> **Task material**:
· · ·

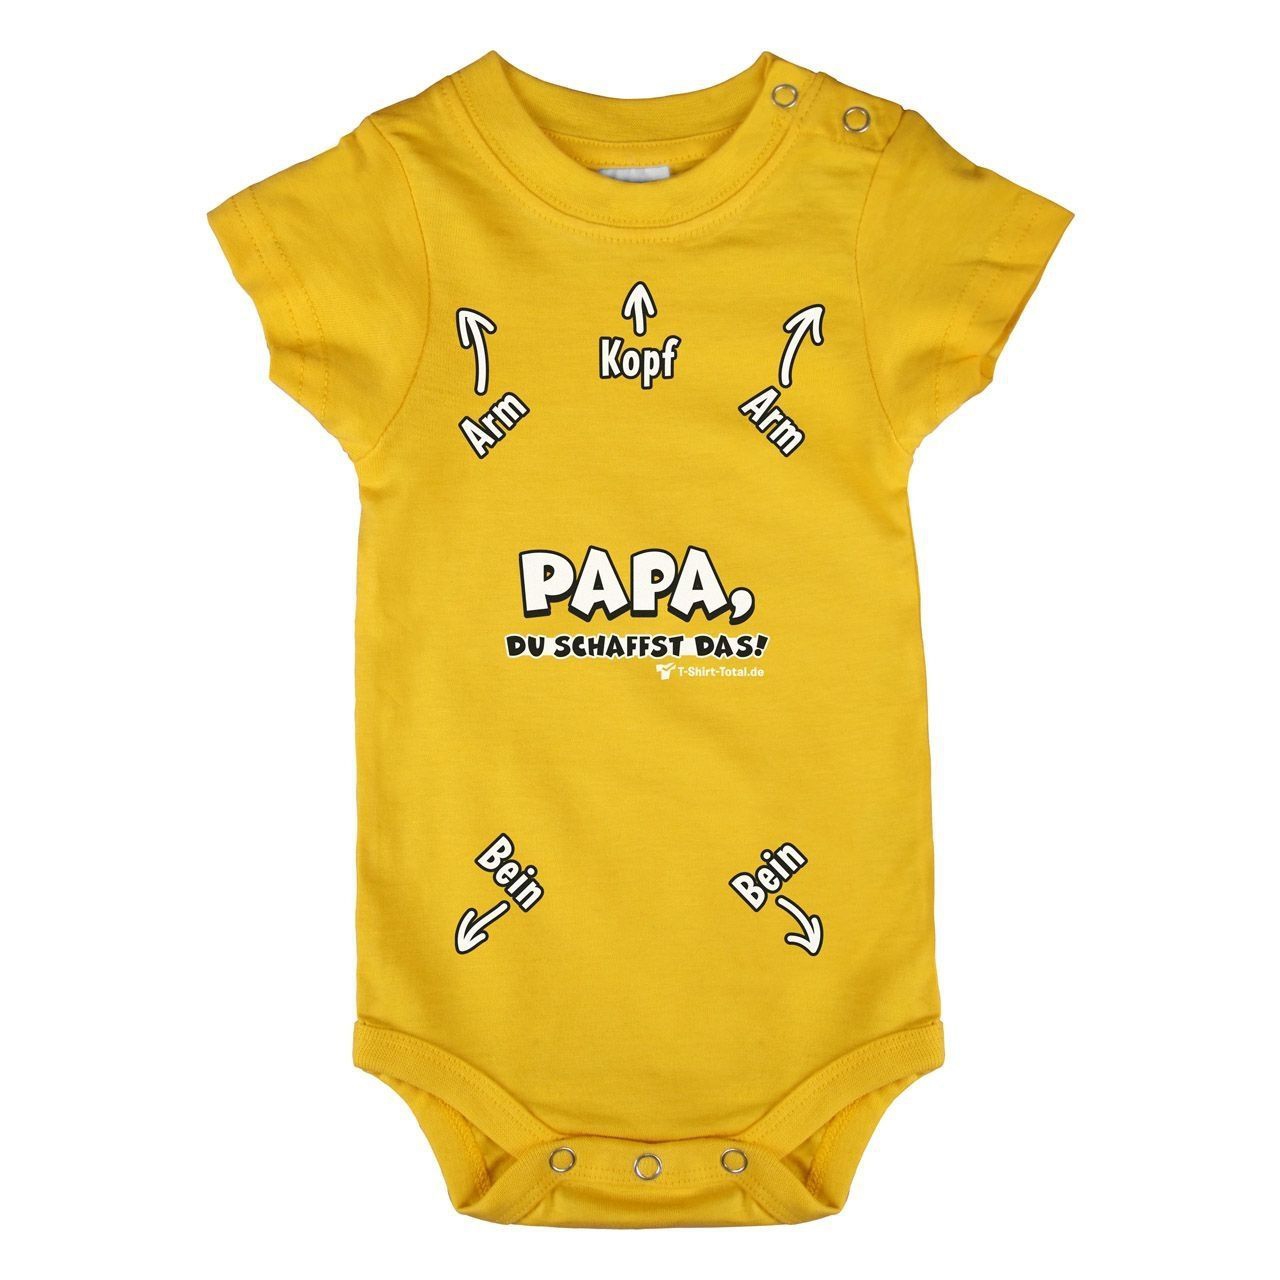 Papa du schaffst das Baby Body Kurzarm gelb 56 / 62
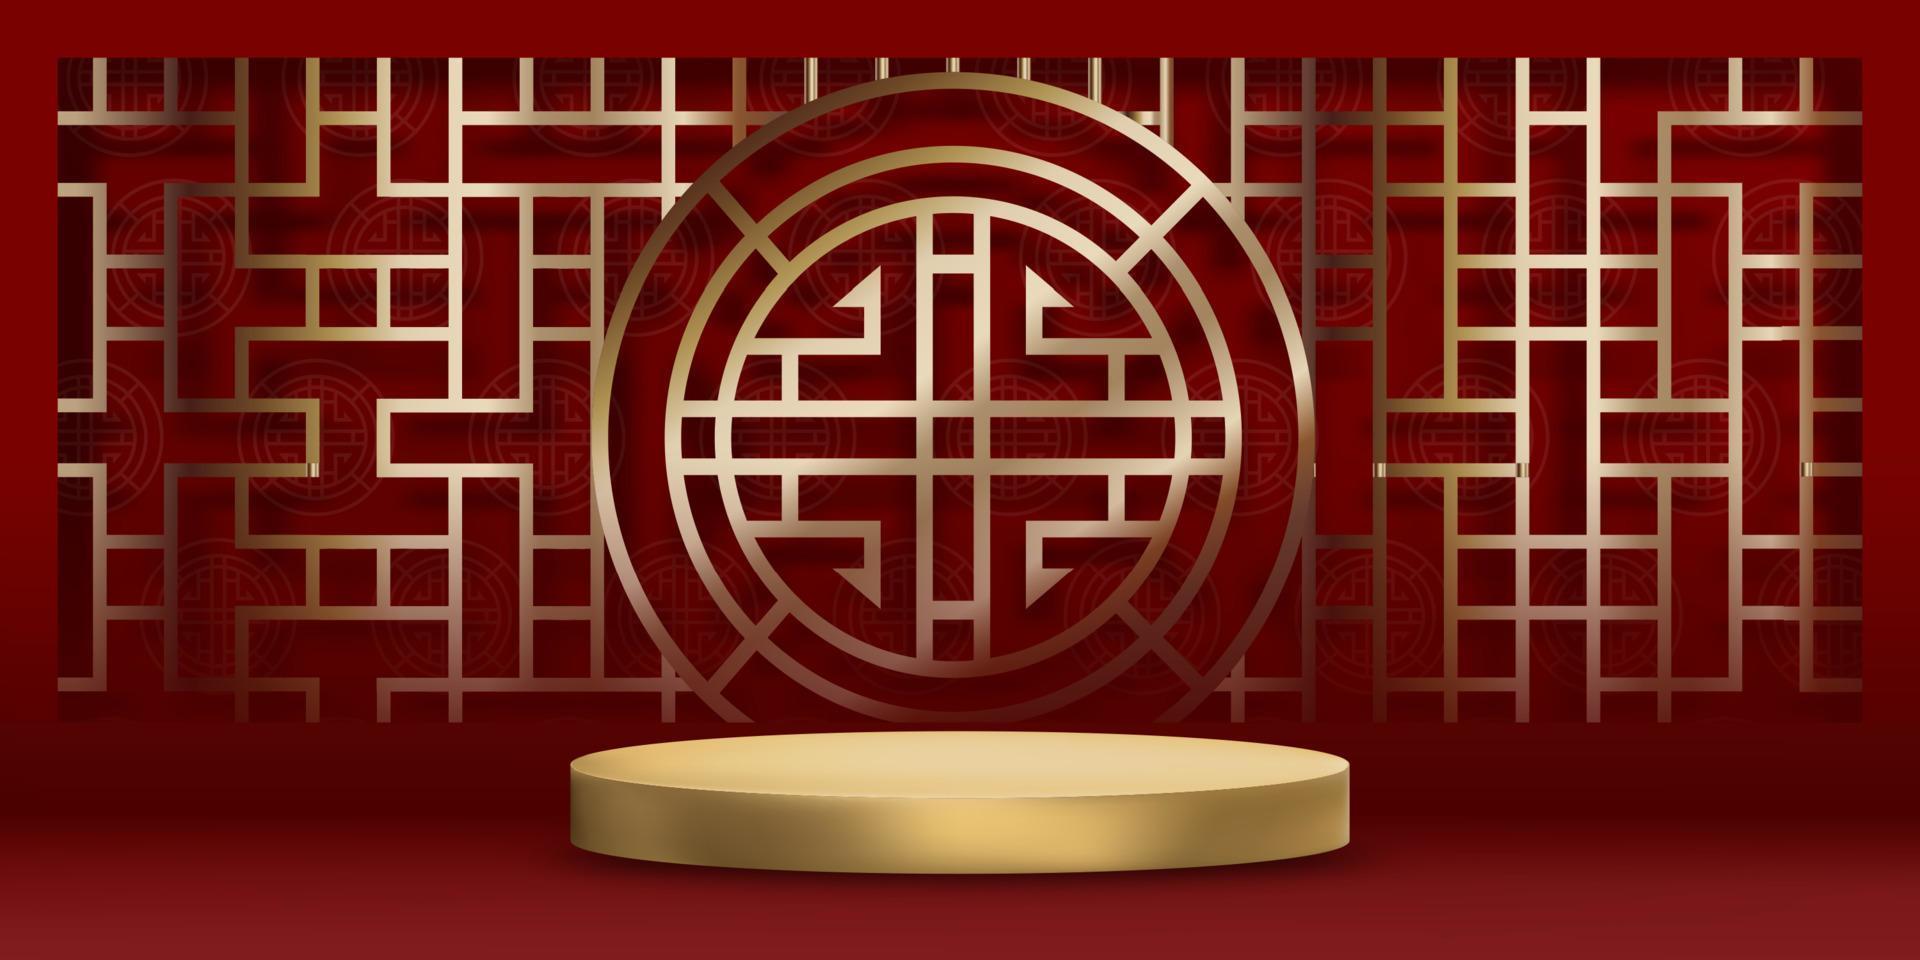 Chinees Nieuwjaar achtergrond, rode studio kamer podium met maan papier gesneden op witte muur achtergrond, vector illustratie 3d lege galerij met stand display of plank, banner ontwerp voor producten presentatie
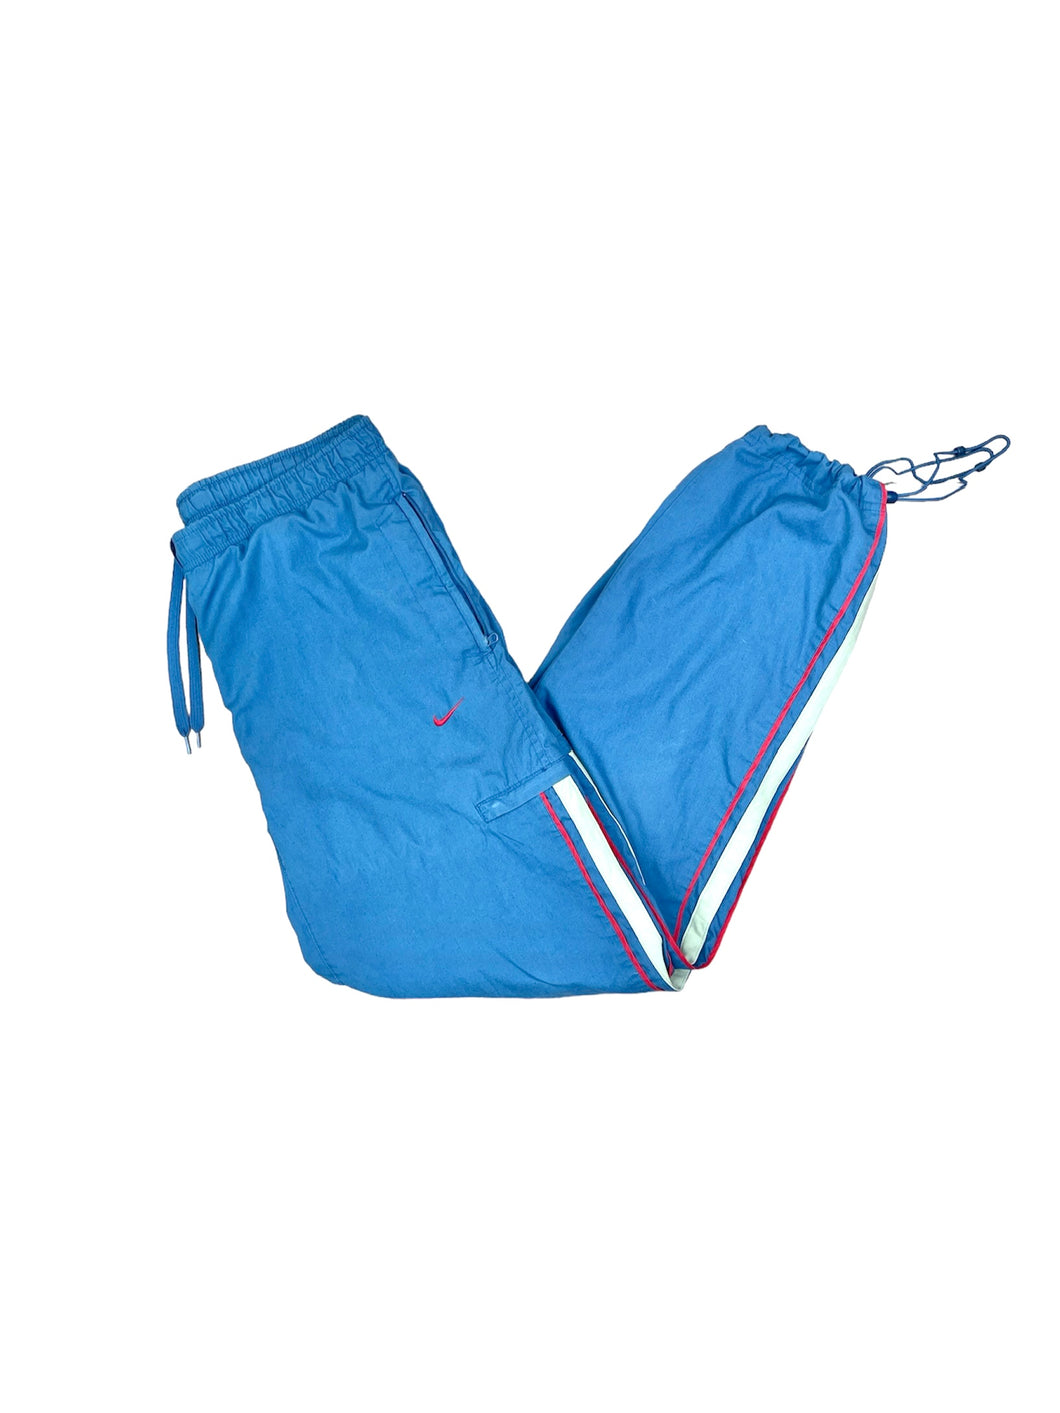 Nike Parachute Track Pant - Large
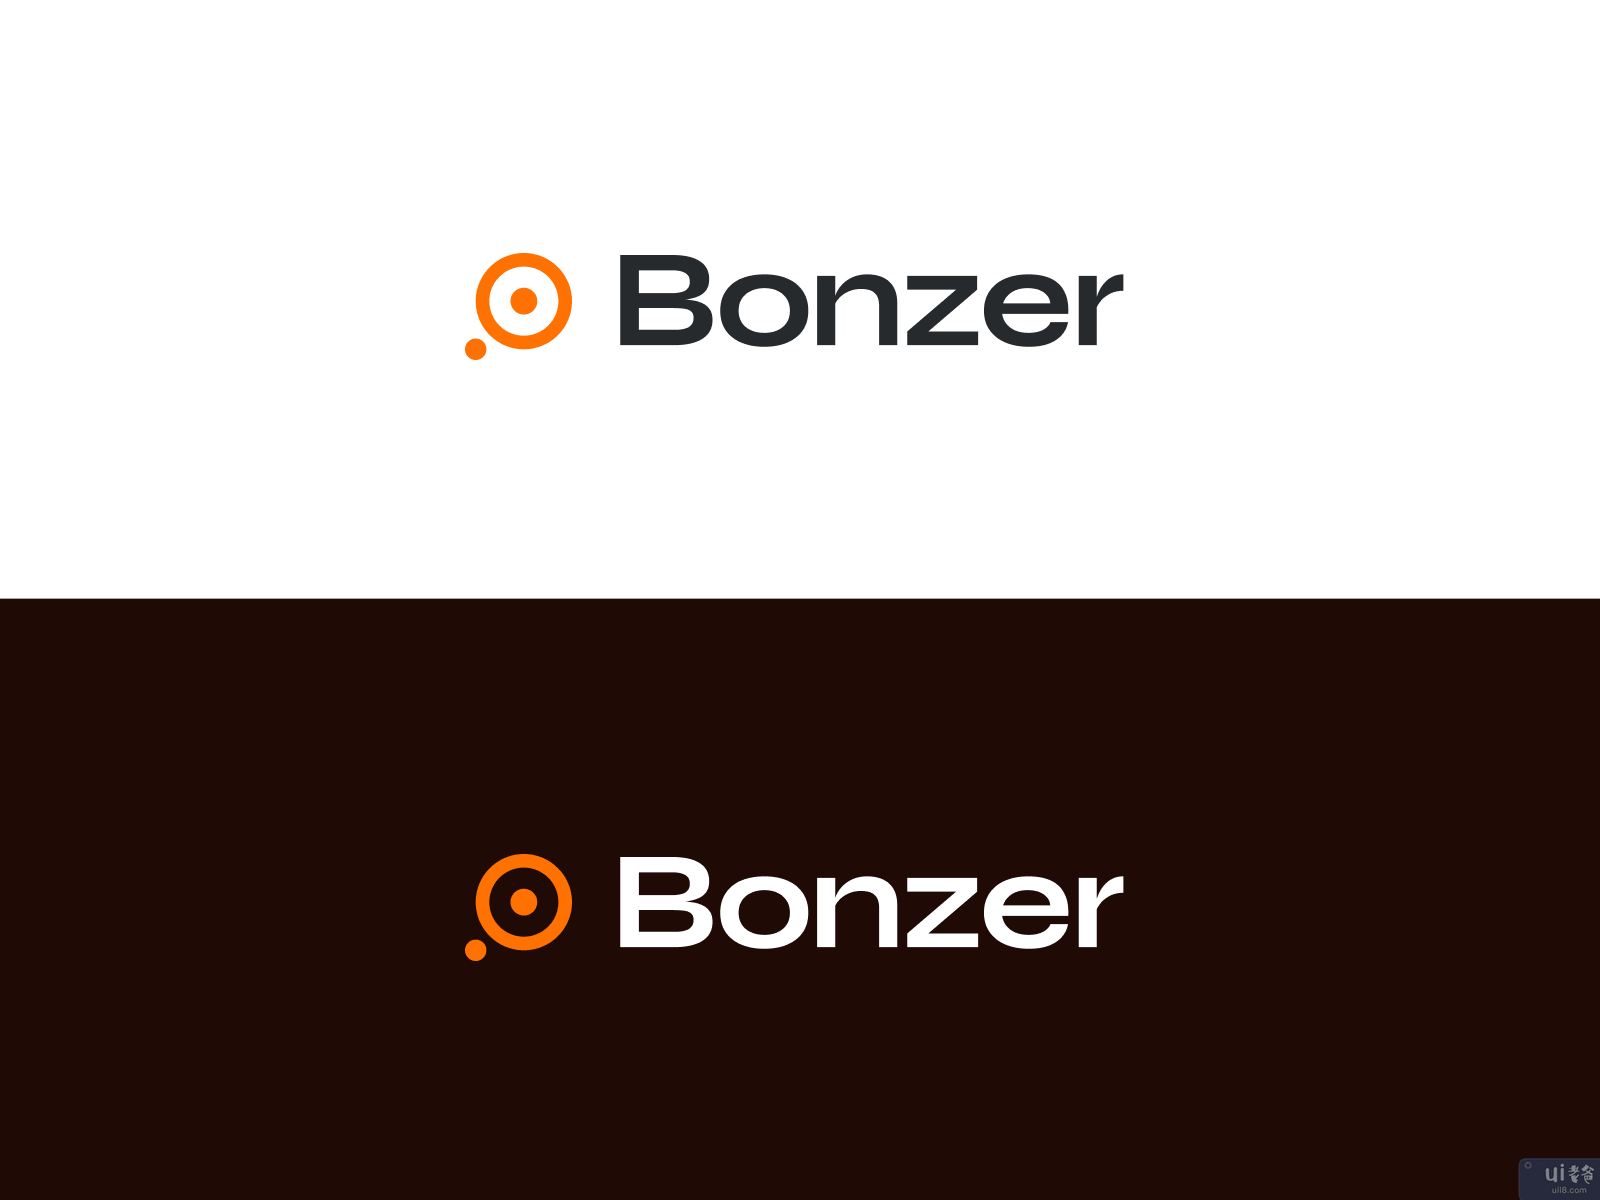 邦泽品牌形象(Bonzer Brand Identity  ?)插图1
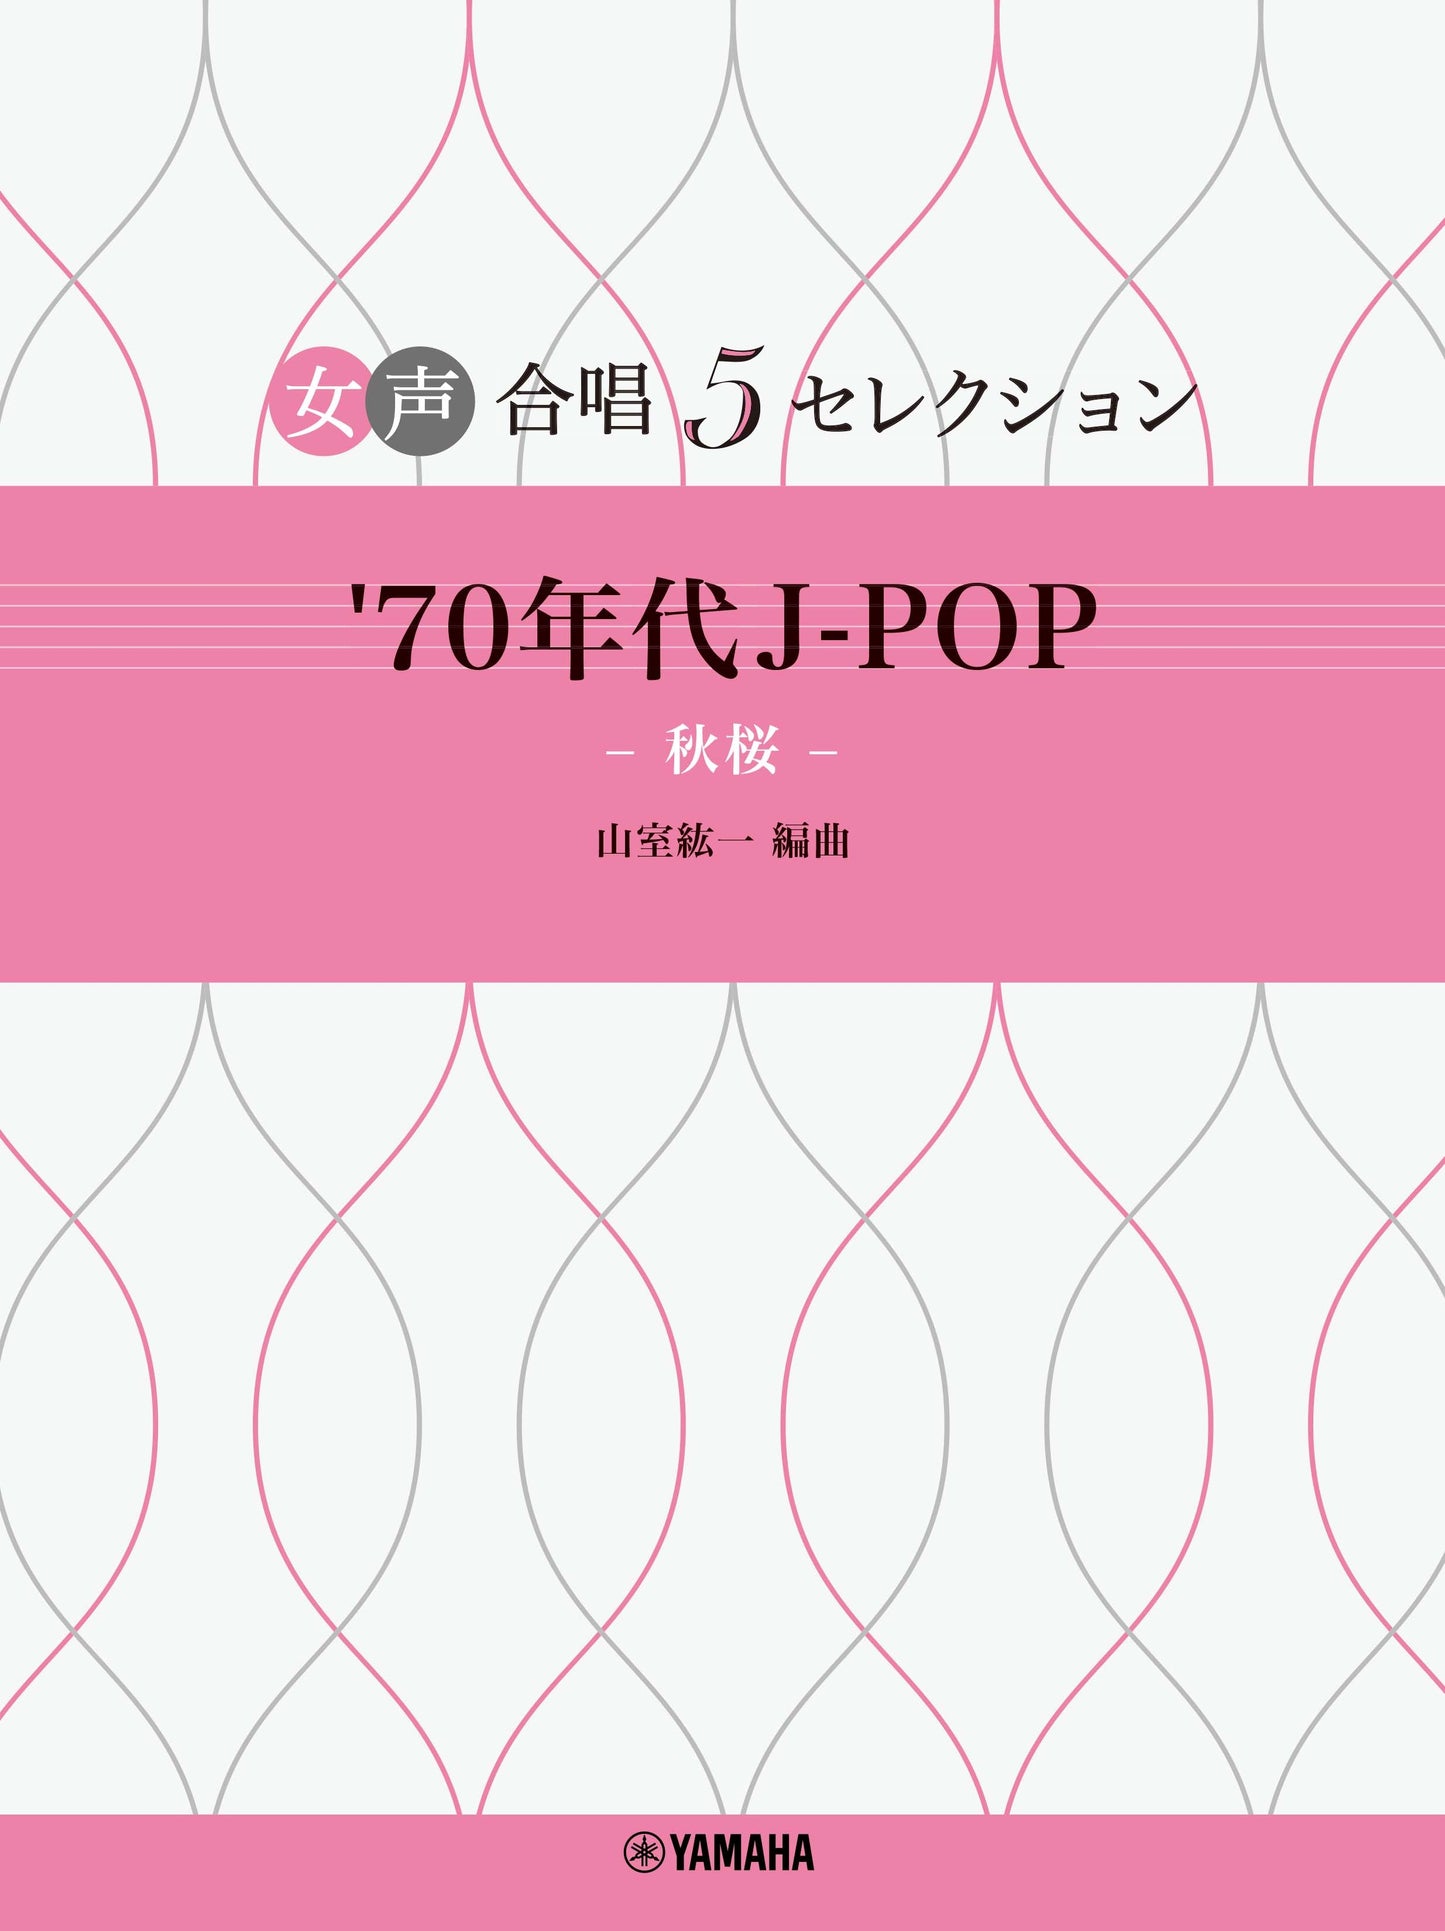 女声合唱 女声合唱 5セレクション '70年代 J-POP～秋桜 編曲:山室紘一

· · ·

> **What the task asks**:
Skip every picture. Repeat word for word the lines from the line holding "Nike Parachute Track Pant - Large" through the end of the entries above.

> **Output of the task**:
 Nike Parachute Track Pant - Large
 邦泽品牌形象(Bonzer Brand Identity  ?)插图1
 女声合唱 女声合唱 5セレクション '70年代 J-POP～秋桜 編曲:山室紘一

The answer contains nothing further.